LE MYTHE DU VAMPIRE FÉMININ DANS MADEMOISELLE CHRISTINA
THE MYTH OF THE FEMALE VAMPIRE IN MISS CHRISTINA
Author(s): Léna HobeikaSubject(s): Romanian Literature, Philology
Published by: Studia Universitatis Babes-Bolyai
Keywords: fantastic; vampire; sacred; profane; hermeneutics;
Summary/Abstract: The Myth of the Female Vampire in Miss Christina. Mythologist, novelist and religious historian, Mircea Eliade grants a considerable place to the Fantastic as a way of reclaiming the Sacred in a deeply desecrated modern world. In his short story Mademoiselle Christina, he features a female vampire embodying the archetype of the nymphomaniac and demonic woman who returns to haunt the Mosco house and who manages to seduce Egor, a young painter visiting the castle.
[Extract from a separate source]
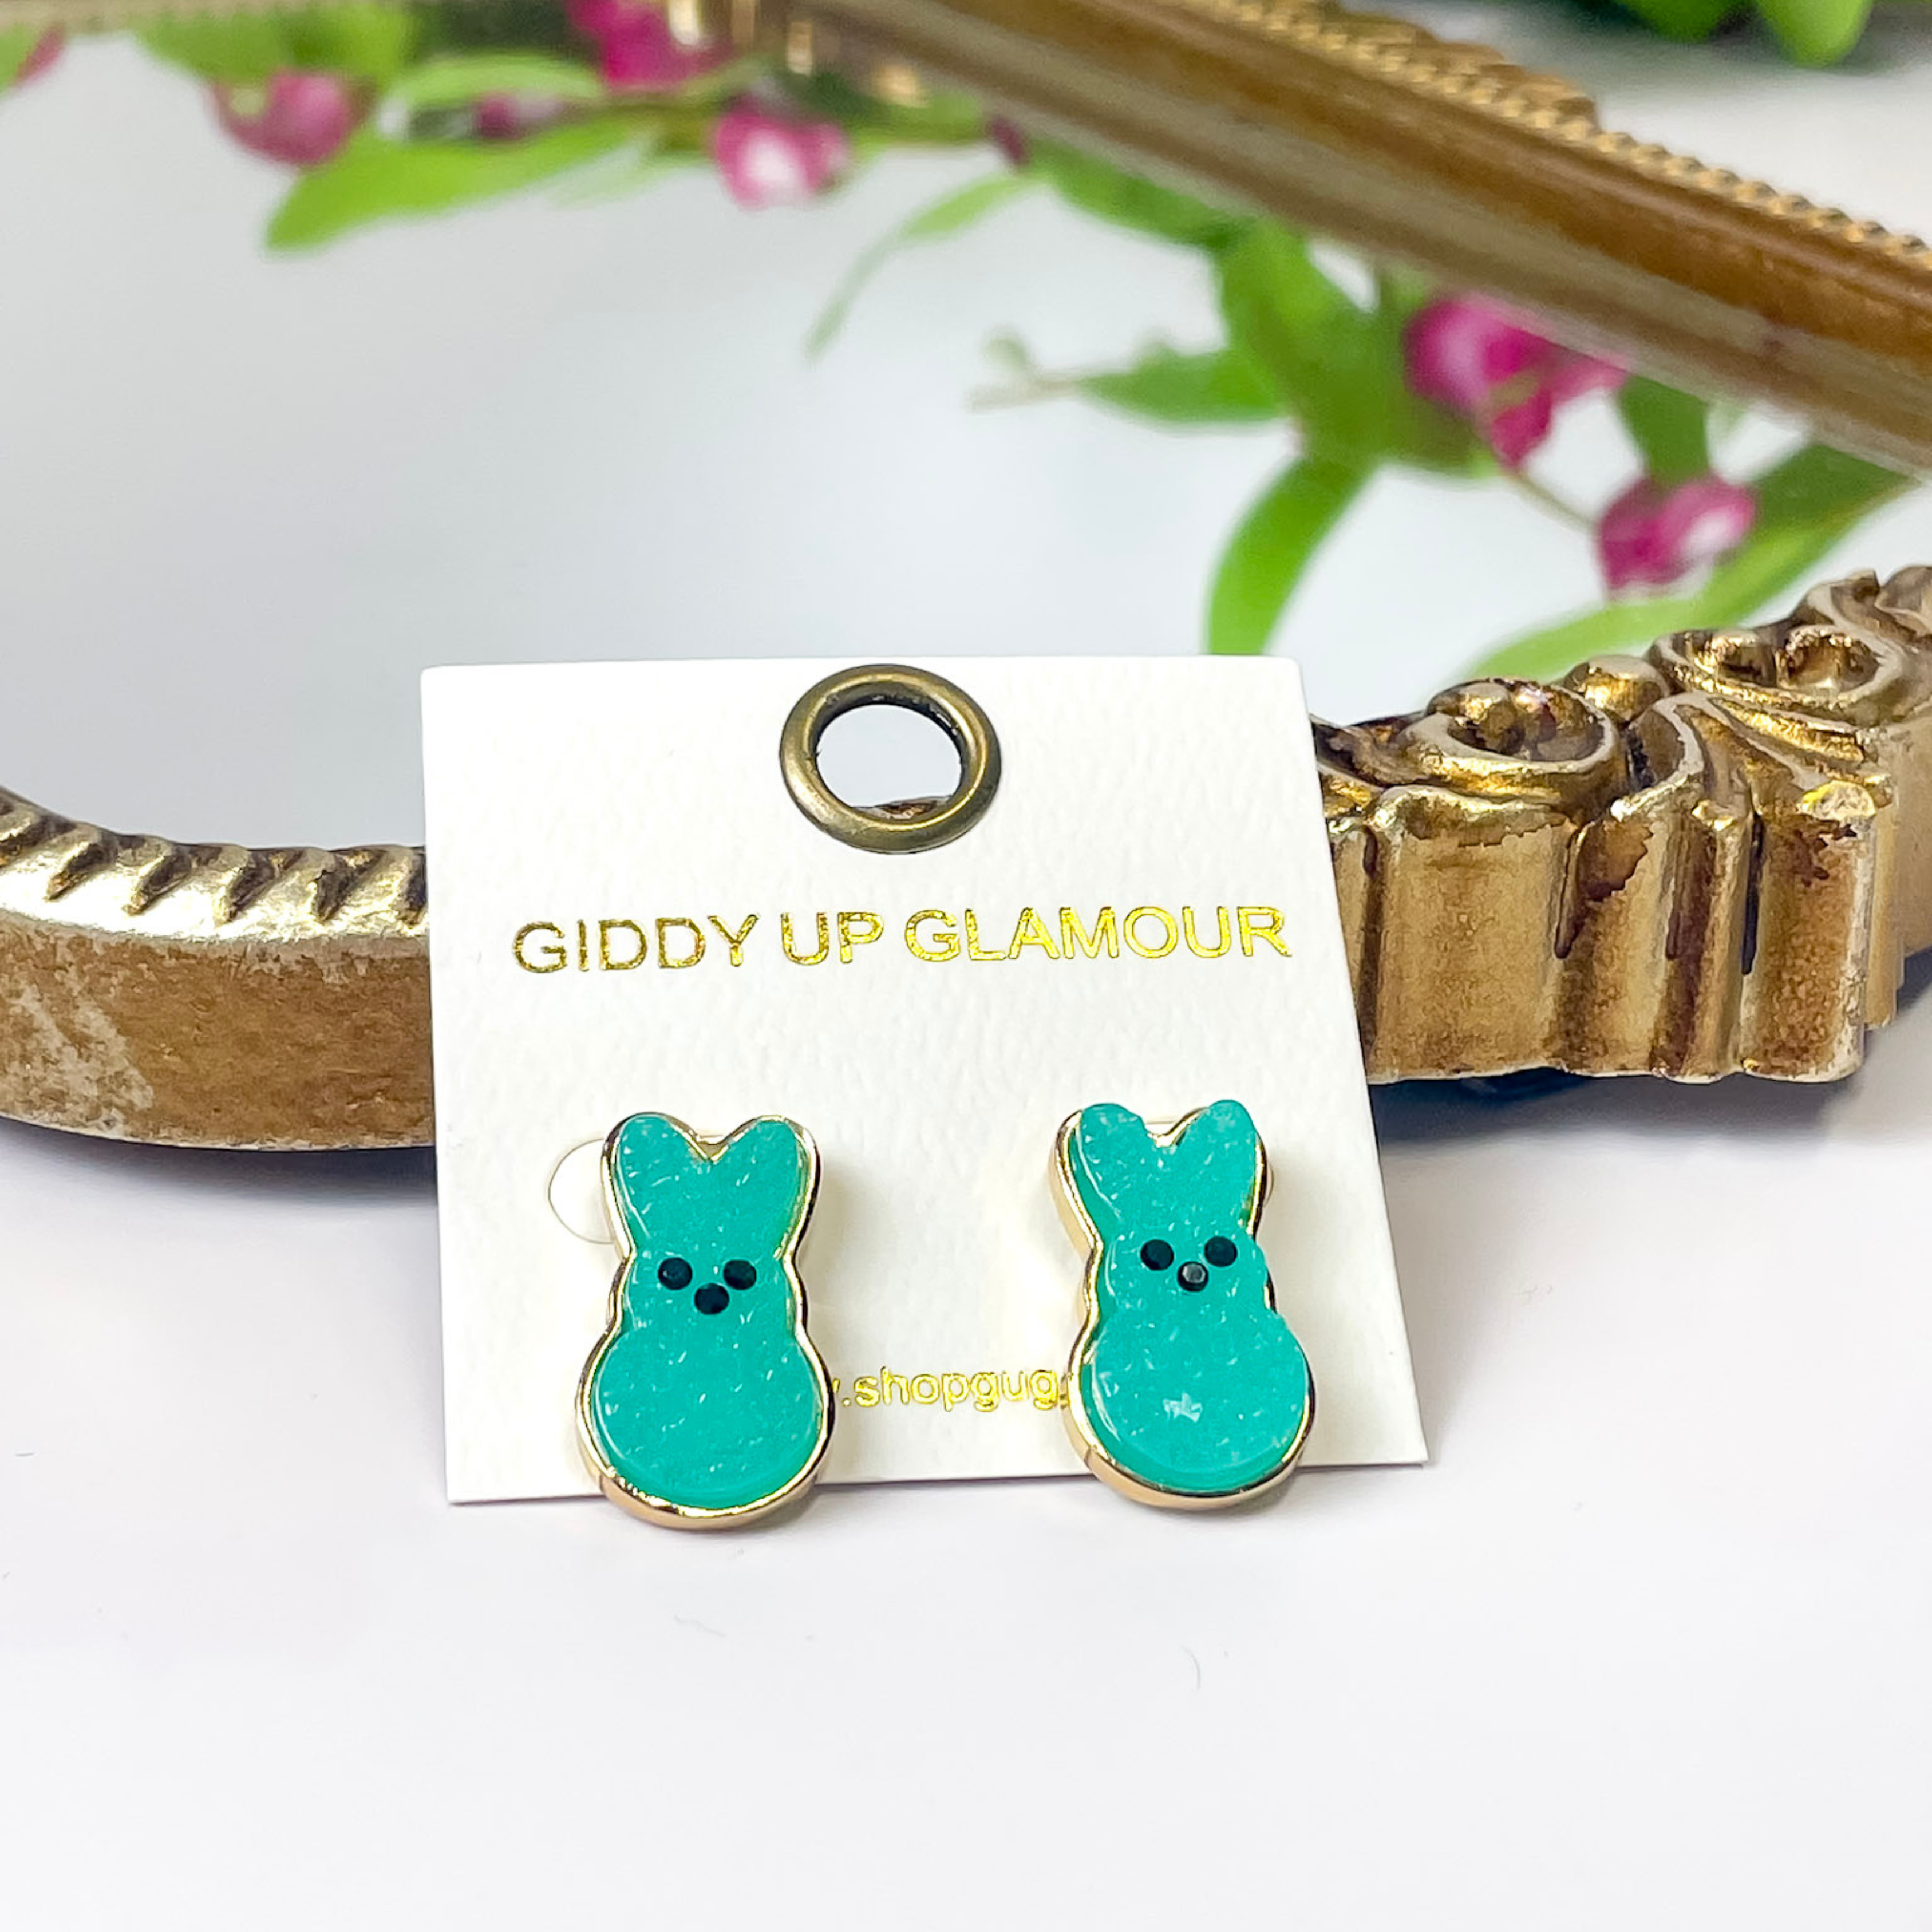 Bunny Stud Earrings in Green - Giddy Up Glamour Boutique

The prose writer creates a dreamlike story, mixing dream and reality, the natural and the supernatural while propelling the reader into a strange and captivating scenario. In this sense, it would be interesting to first study the poetics of the fantastic tale as well as its different mechanisms which contribute to creating a feeling of disturbing strangeness, "the unheimlich". Then we will analyze the erotic dynamics of the female vampire as well as its various symbolisms in order to finally offer a hermeneutical and mythical-symbolic approach to the work, where the reader will be led to decrypt the symbols and signs of the Sacred, camouflaged in reality.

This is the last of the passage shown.